As always with these presentations, it was the questions afterwards which were really interesting (although alas I had to leave before the general discussion at the end of the day, as legions of snow clouds closed in on southern England). It was clear, once again, that engagement with other archaeological practitioners is key of MiPP is to be a success; but that a project which is about process rather than material needs  to have its proper archaeological context spelled out if that engagement is to happen.  I suspect, however, that once the second stand of the project – the dynamic reconstructions – are under way and demonstrable in a more final form; this will actually be very much easier. We must also link these processes to current discussions about agency and materiality, as discussed for example by Martin Wobst. Ruth Tringham of UC Berkeley indicated that similar issues had come up in her team’s thinking about process at Catalhoyuck. I was asked what merits the various motion capture systems have over simply videoing the excavators at work in HD: this indicates to me that we need to investigate, document and demonstrate in a very robust way the functionaries that the bvh and .fbx viewers that we are using can bring for panning, zooming, viewing the data from multiple angles in 3D and – critically – linking the data with the archaeological data that is there: these critical advantages over standard video are extremely important for the question of ‘why’, as opposed to ‘how’ do we take MoCap out of the studio. A further functionality which I think we need, which struck me when was reviewing the data earlier this week, is that we need the subject’s line of site to be projected onto the floor surface.

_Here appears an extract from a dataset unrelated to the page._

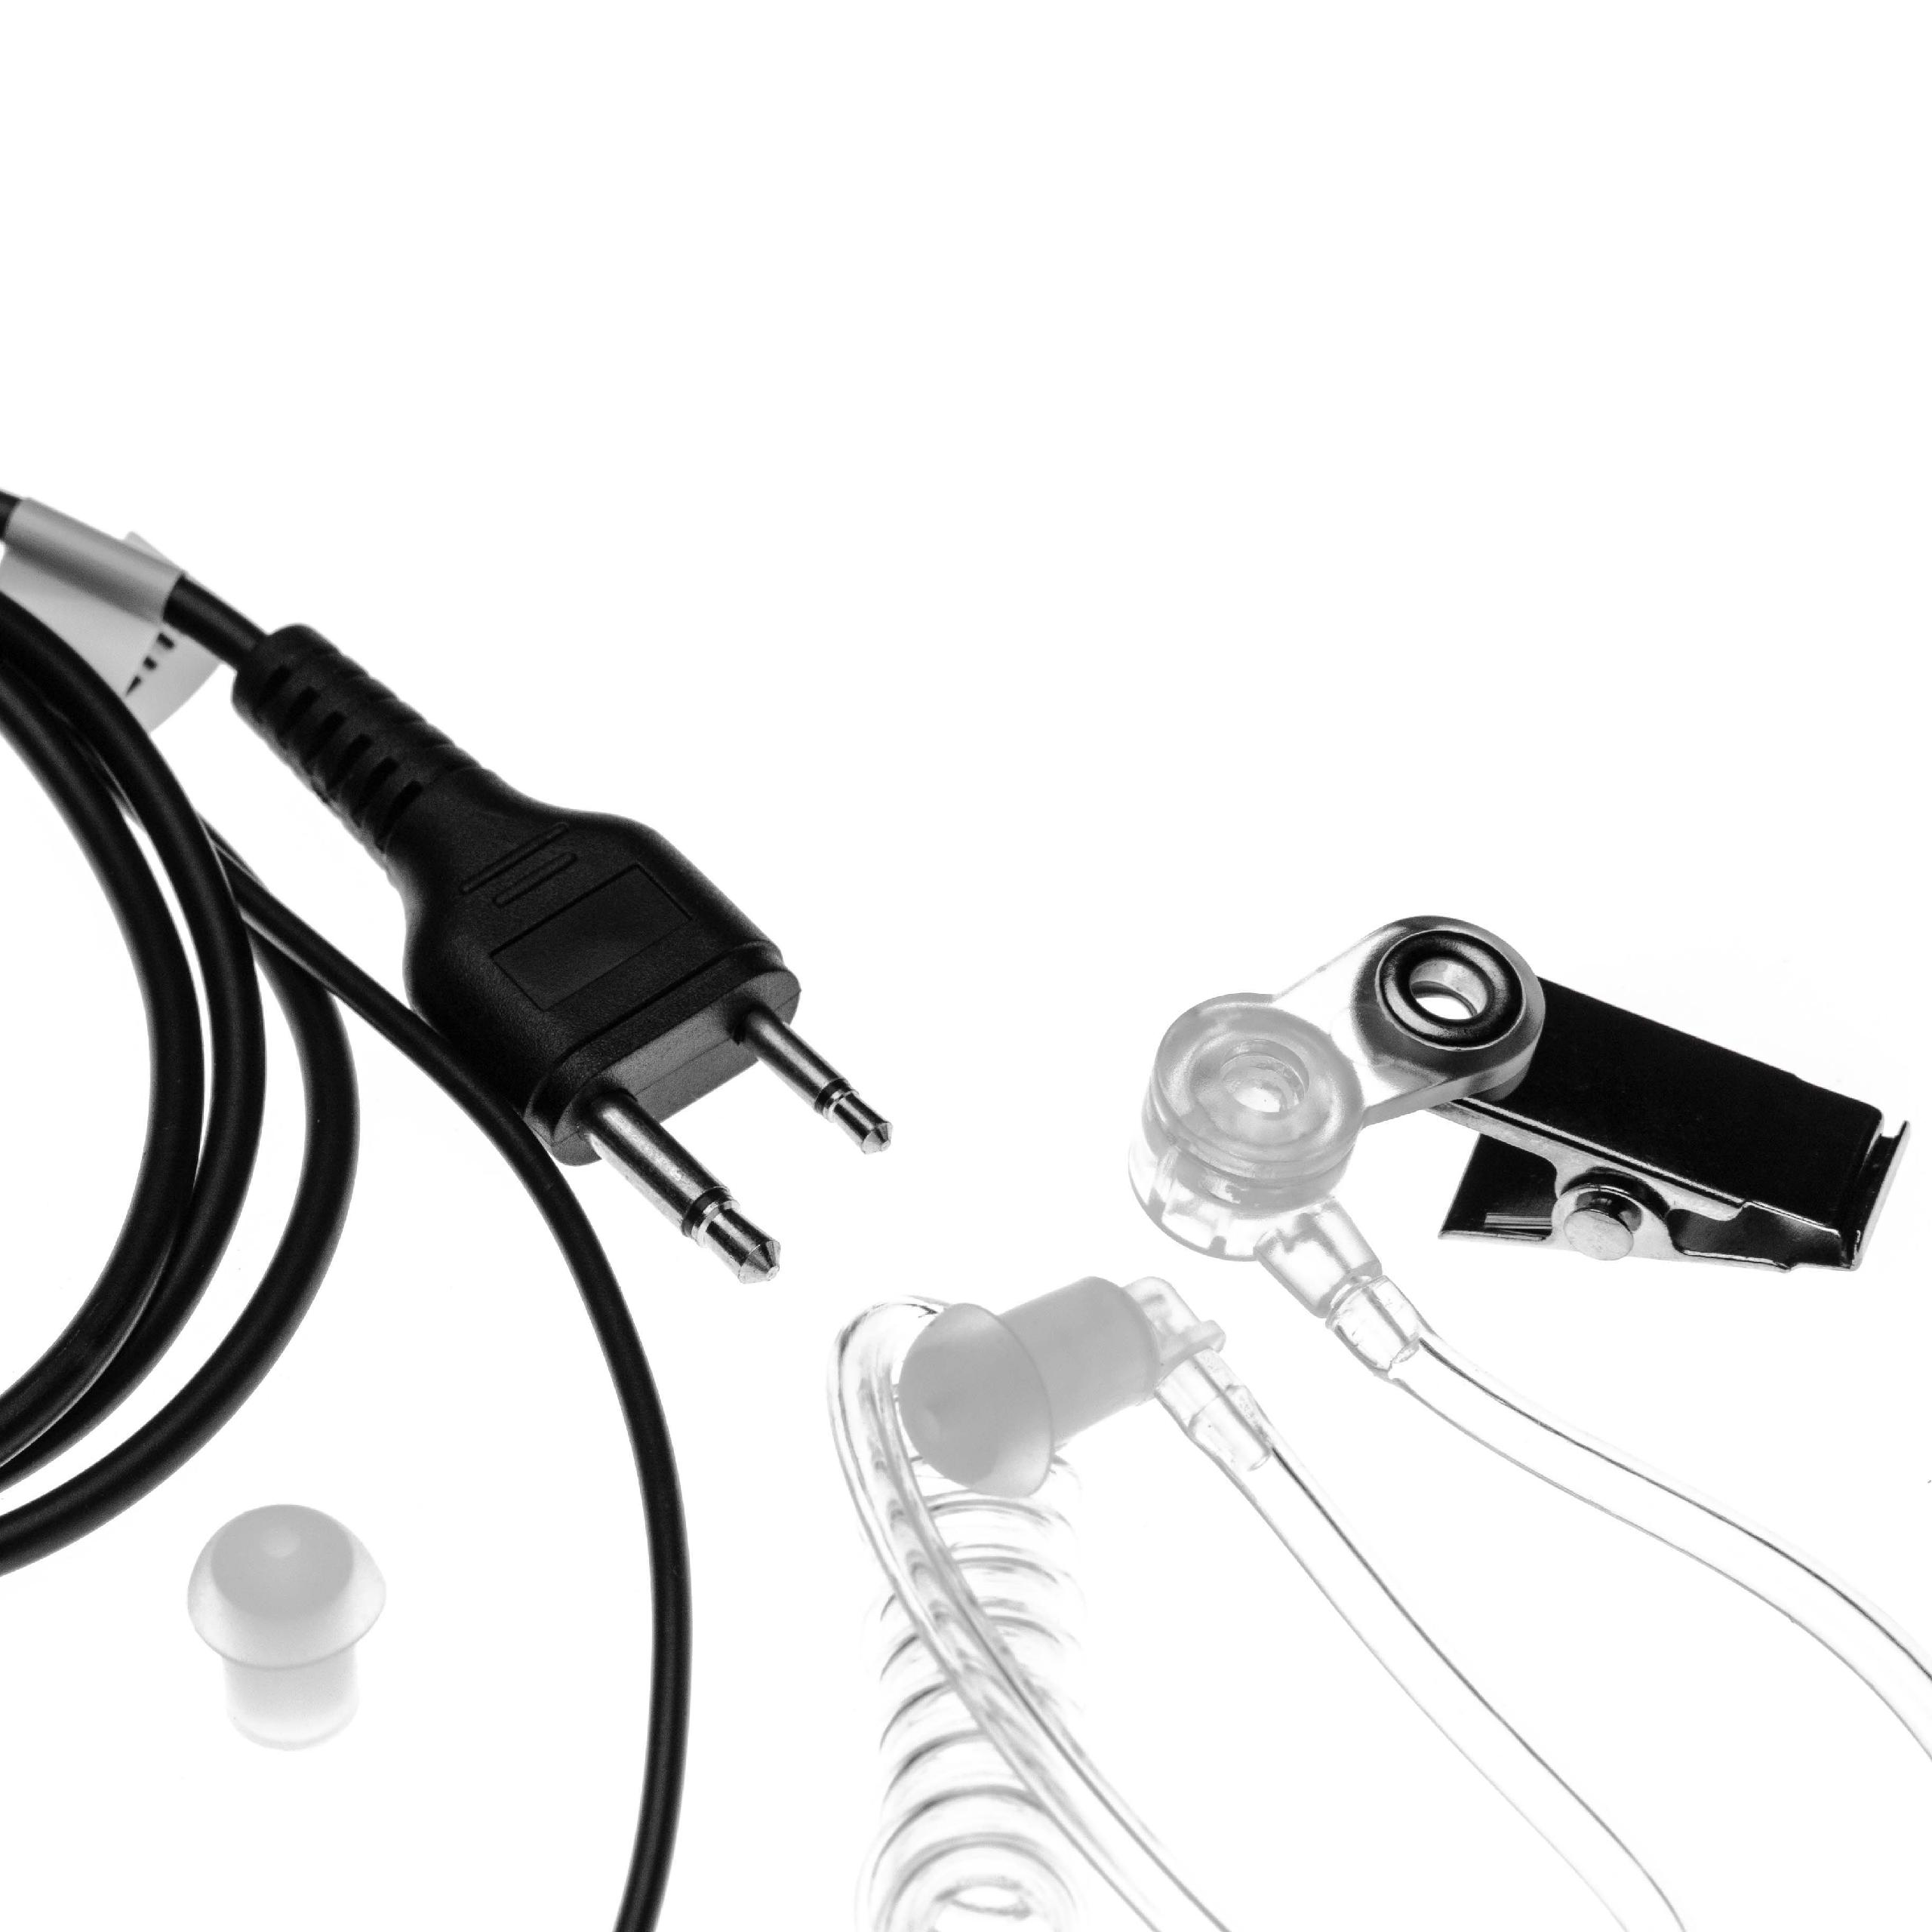 Auriculares para transceptor Icom IC-24AT + micrófono push-to-talk + soporte clip + tubo acústico transparente

This is not obvious in the current footage, and yet it is central to documenting the subject’s relationship with his or her material. Finally, I was asked about capturing the movements of larger numbers of people at the same time. This, of course, was originally envisaged as part of MiPP, but had to be abandoned due to technological constraints. Of course this would open the process up to capturing the pathways of visitors through, and around, sites.

Overall – still much to do, but I sense that some really interesting issues are beginning to emerge.